Na een uur lopen, alleen maar omhoog, sta ik bovenop de pas. Het waait hier verschrikkelijk. Normaal kun je ook ver kijken, maar nu zie je vooral mist. Er is een groot paviljoen gebouwd en daar rust ik even uit met mijn zelf meegebrachte drinken en Japanse zeewierzoutjes.
Daarna daal je door de vallei af richting Fulong. Dit is het mooiste stuk van de route. Hier staat ook het zilverriet dat in deze periode in bloei zou moeten staan. Ik had het me wat spectaculairder voorgesteld, maar ik denk dat dit het is.
Het pad loopt verder langs wat typisch Chinese bezienswaardigheden, zoals de “Tijgerinscriptie”. Een generaal schreef het woord “tijger” in een rots, en vanaf dat moment was deze route veilig te belopen. Het is zelfs een nationaal monument.
Ik verbaas me verder over de variatie aan wandelaars die me tegemoet komt. Gezinnen met kleine kinderen, mensen met hun schoothondjes (het is nog een hele tippel voor een teckel) en ook heel veel gebogen oudjes. Echt geoefend hoef je niet te zijn voor deze wandeling.
Het pad eindigt eigenlijk bij het Yuanwankeng Waterpark. Vandaar zou je met een shuttlebus naar het station van Fulong kunnen, maar die zie ik nergens. Ik doe dus maar net als de anderen, en loop nog 4 kilometer door. Weer een heuvelrug over, een vervelend stuk als je er eigenlijk al genoeg van hebt. Een paar grote zwarte vlinders met turquoise vlekken op hun rug zorgen voor wat afleiding.
Nabij Fulong gaat de zon eindelijk ook schijnen. Het is de hele tocht wel droog gebleven, maar het was niet zo warm als gisteren en zwaar bewolkt. Ik heb 3,5 uur over de wandeling gedaan, het was continu stijgen of dalen. De route eindigt heel netjes bij het station van Fulong, het is net een NS-wandeling.
Ik ga echter niet met de trein terug naar Taipei. Bij het bezoekerscentrum in Fulong lunch ik eerst met een cappucino en een belegd broodje. Bij het café voor de deur blijkt ook de bus te stoppen naar mijn volgende bestemming: Jiufen. Er staat er al eentje klaar net als ik het eten op heb. Voor weer een schijntje (0,75 EUR) geniet ik nog maar eens van het openbaar vervoer hier in Taiwan.
We rijden eerst een flink stuk langs de noordkust. De golven zijn nog steeds erg hoog. Zandstrand is er hier niet, wel veel rotsen. Er zijn ook veel mensen aan het vissen, en dagjesmensen aan het fotograferen. Het plaatsje Jiufen stamt uit de tijd dat goudzoekers deze streek onveilig maakten, eind 19e eeuw. Het ligt meer landinwaarts, en is gebouwd tegen een helling.
Helaas ben ik ook hier niet de enige: dit is nog meer binnen het bereik voor een uitje vanuit Taipei.

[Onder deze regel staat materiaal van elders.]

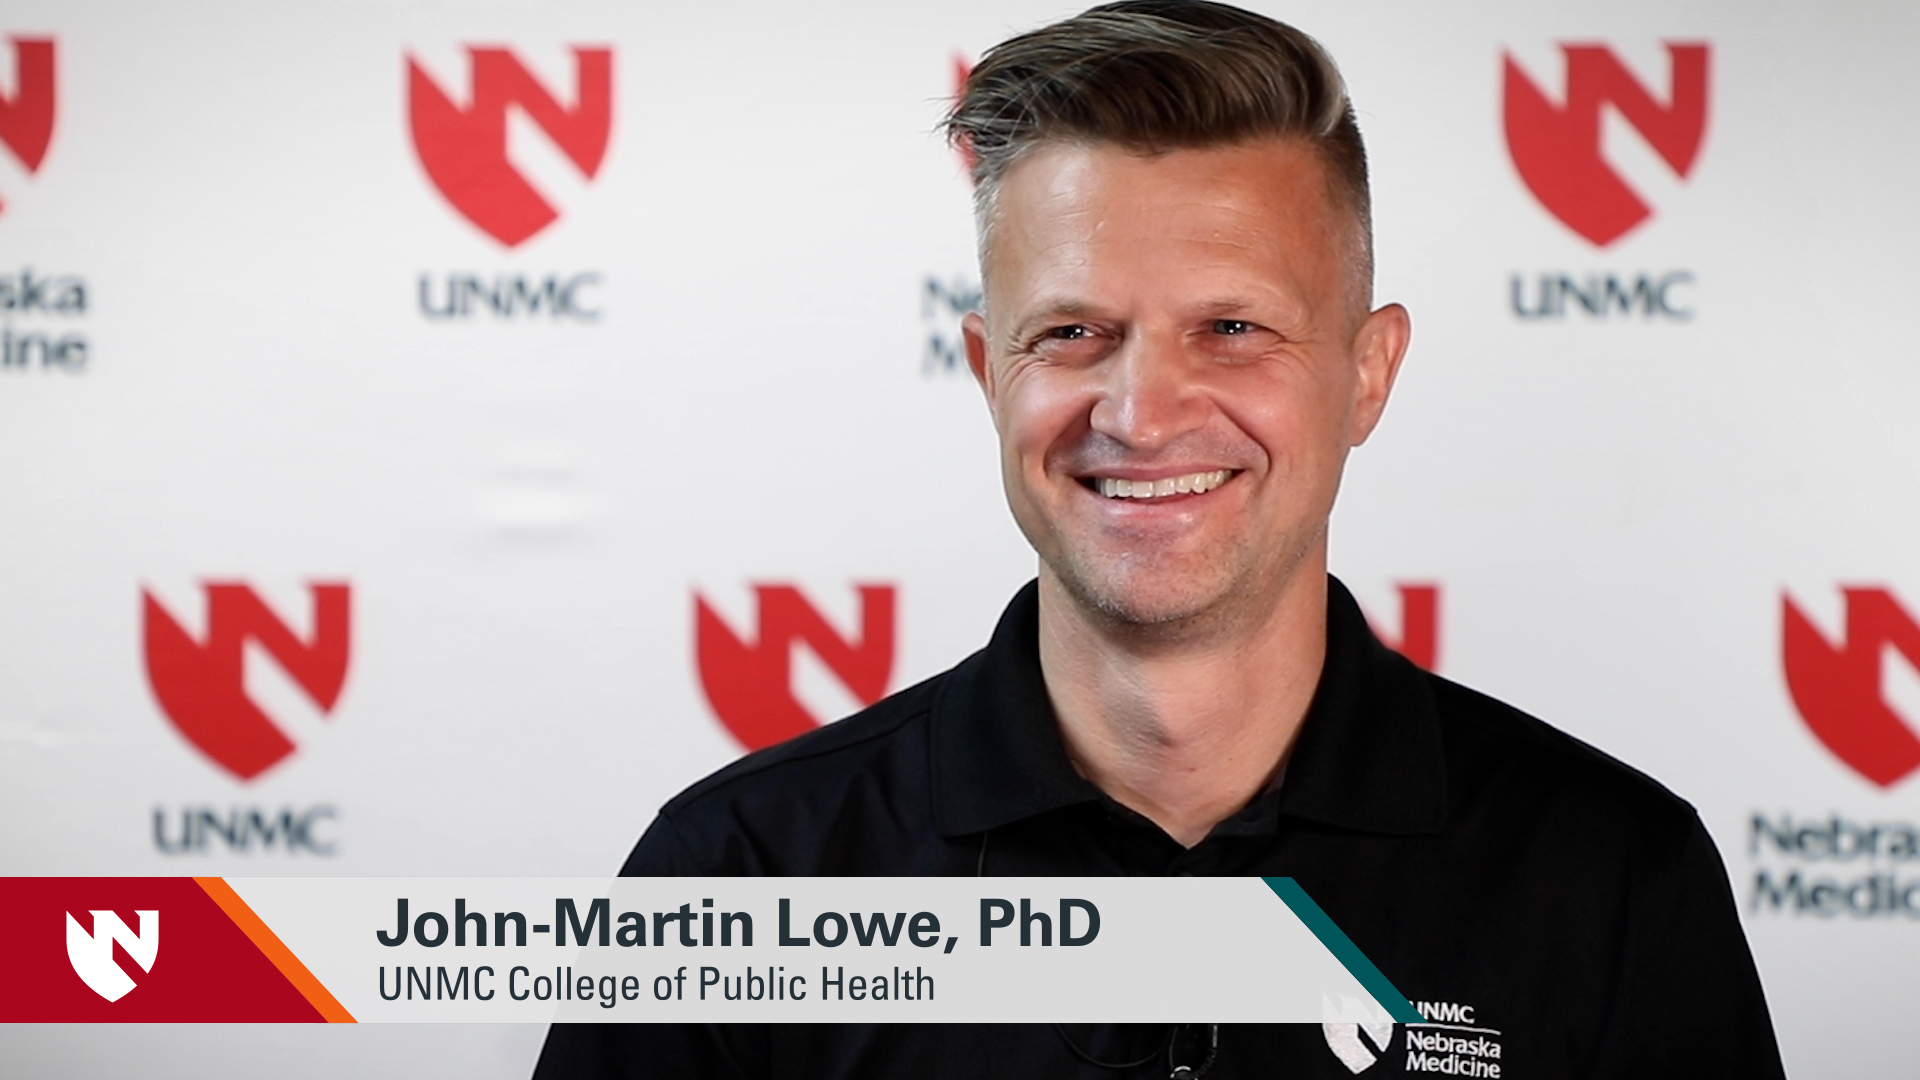 ASK UNMC! John-Martin Lowe, PhD, UNMC College of Public Health

En zo op zaterdagmiddag zijn ze massaal gekomen. Ik sjok tussen de menigte de oude hoofdstraat van Jiufen door. Souvernirwinkels en eettentjes wisselen elkaar af. Het is een hele lange straat, en ik ben bang dat ik ook weer door de drukte terug moet. Helemaal niet leuk. Gelukkig zie ik een zijstraat: daar is het wat rustiger, en plotseling ook een stuk mooier.
Het oude centrum van Jiufen staat bekend om zijn oude houten huizen en theehuizen. Je moet wel goed zoeken, maar ik weet toch het juiste plein te vinden. Dat is zeker een mooi stukje. Vandaar kun je ook onderlangs teruglopen richting het “begin” van de stad. Lekker rustig ook. Vlakbij de bushalte staat nog een bonte Taiwanese tempel. Morgen ga ik pas “serieus” tempels kijken, maar deze Daitian tempel is toch een fijn voorproefje. Hij is zo bont! Van binnen is-ie fluorescerend roze. En buiten zijn de draken ook kleurrijk levensecht uitgebeeld.

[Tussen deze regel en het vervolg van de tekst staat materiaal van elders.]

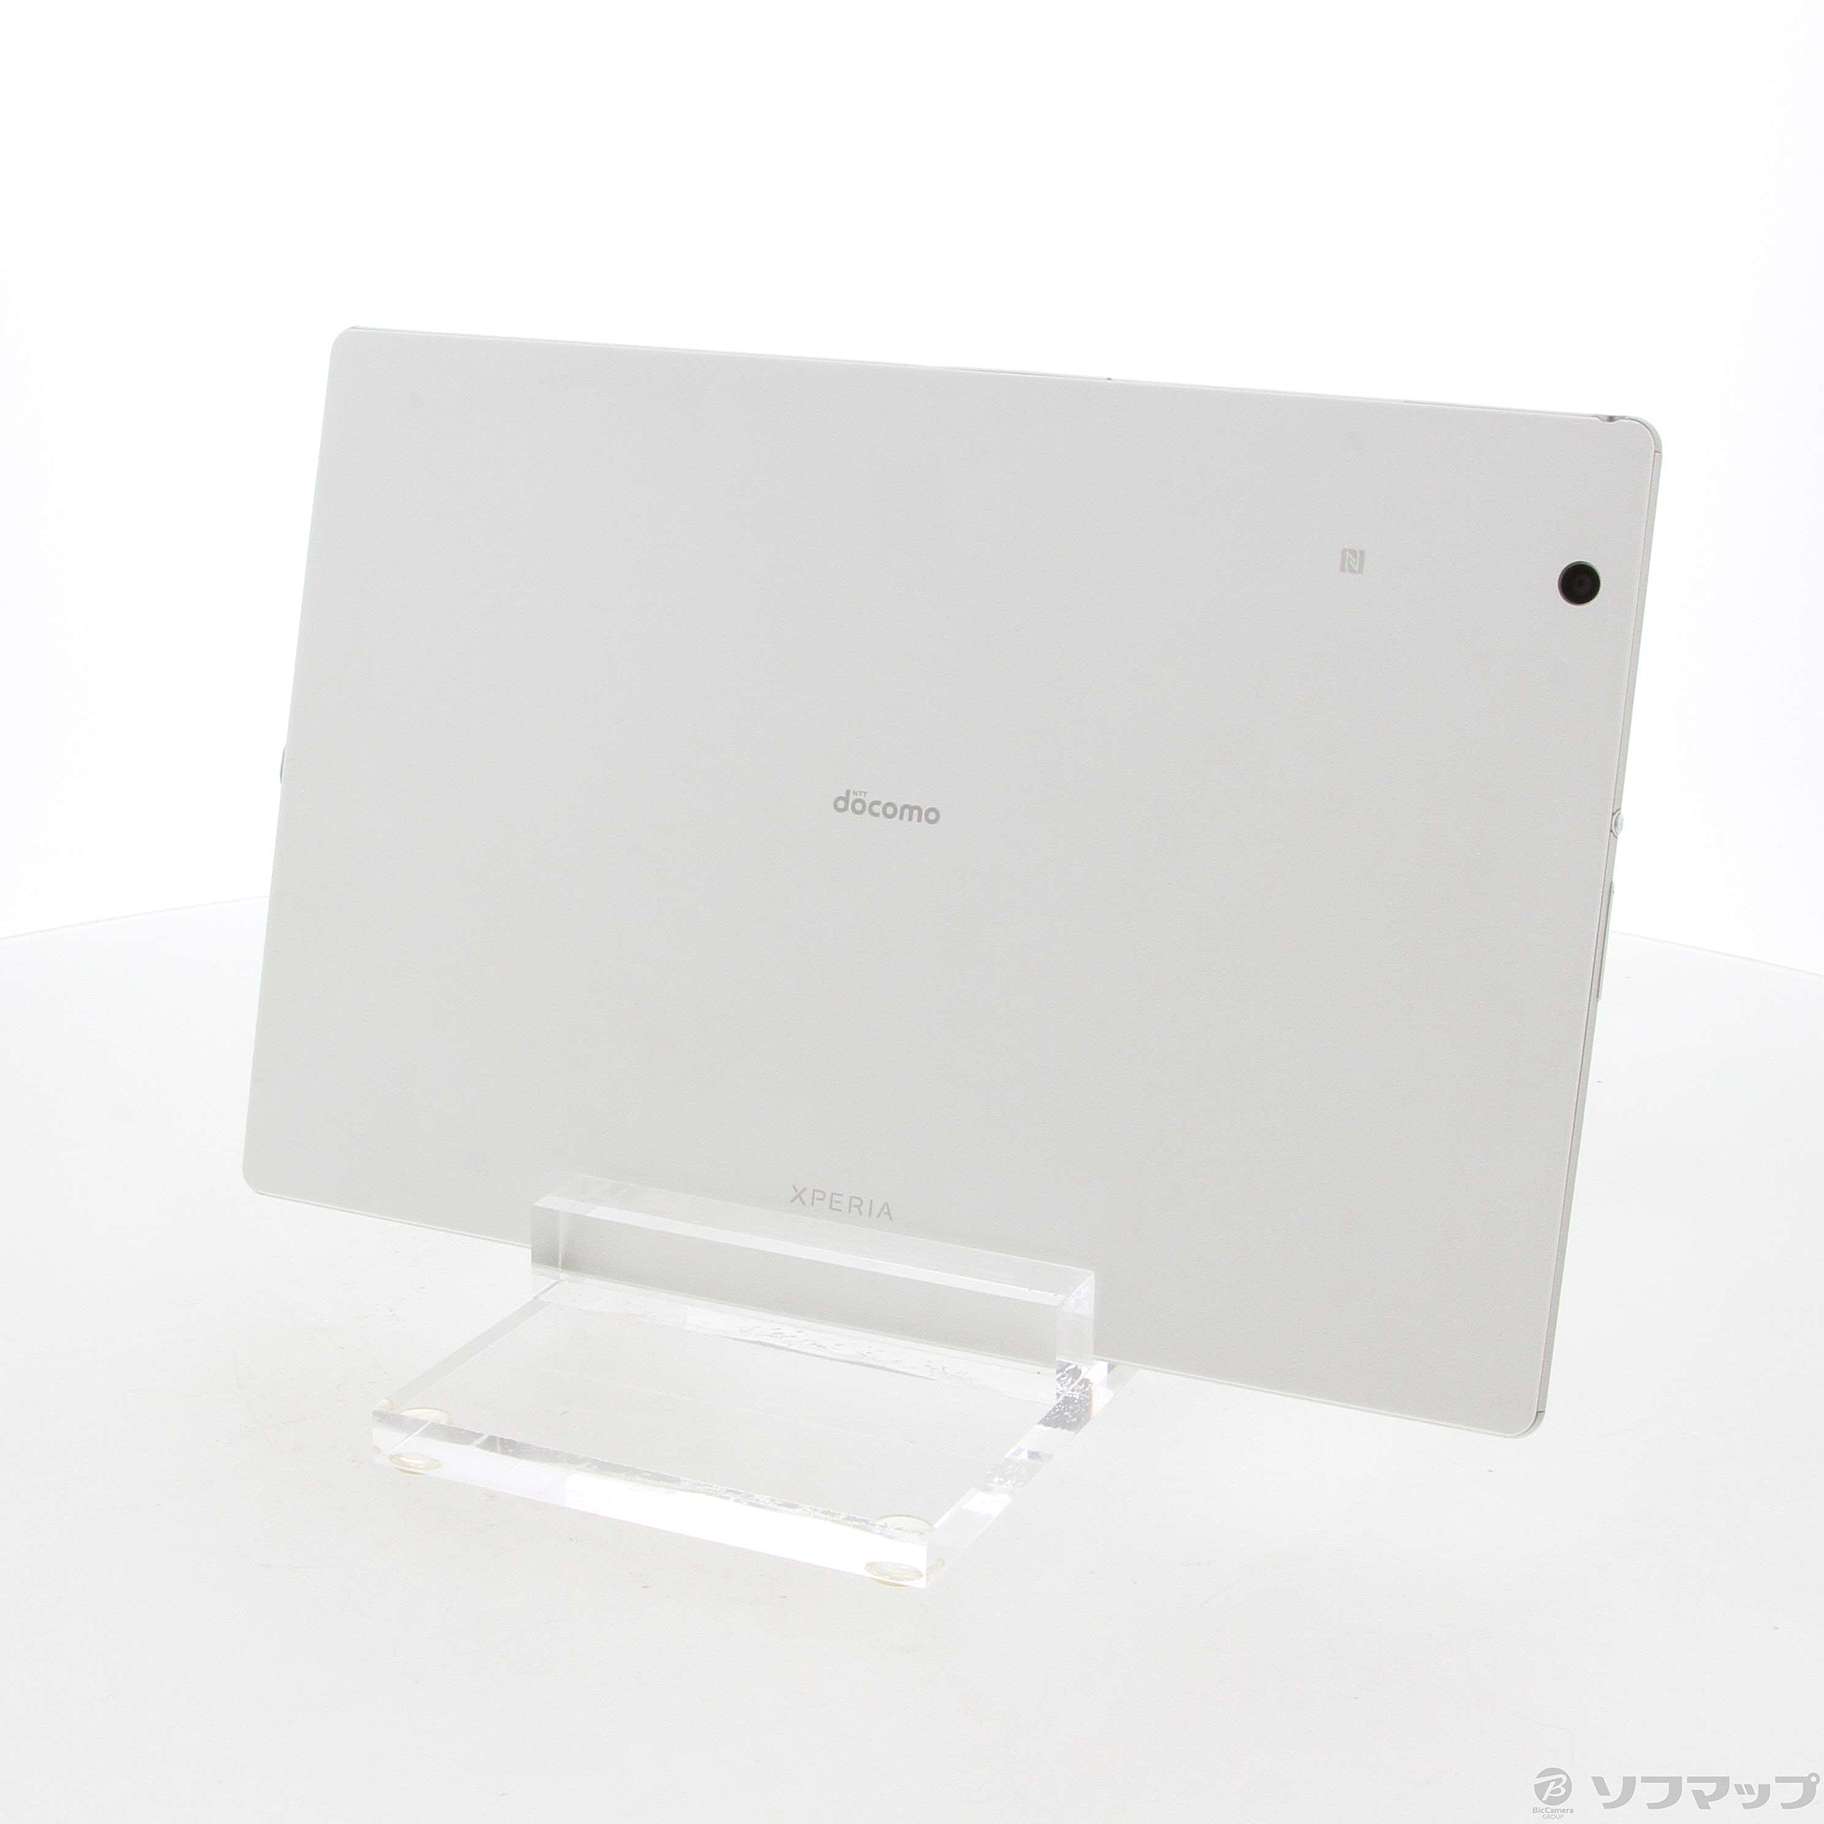 SONY Xperia Z4 Tablet SO-05G BLACK

Tegen half 4 neem ik de bus terug naar Taipei. Ik weet me via een scrum in de eerste bus te werken die langs komt. Er staan zeker al 60 mensen te wachten bij de bushalte, maar de bus stopt toevallig voor mijn neus. Bovendien ben ik een stuk langer en breder dan de gemiddelde Taiwan-Chinees. Twee oudjes weten nog onder mijn armen door te kruipen, maar ik verzeker me van een zitplaats voor de comfortabele rit van 5 kwartier terug naar de stad.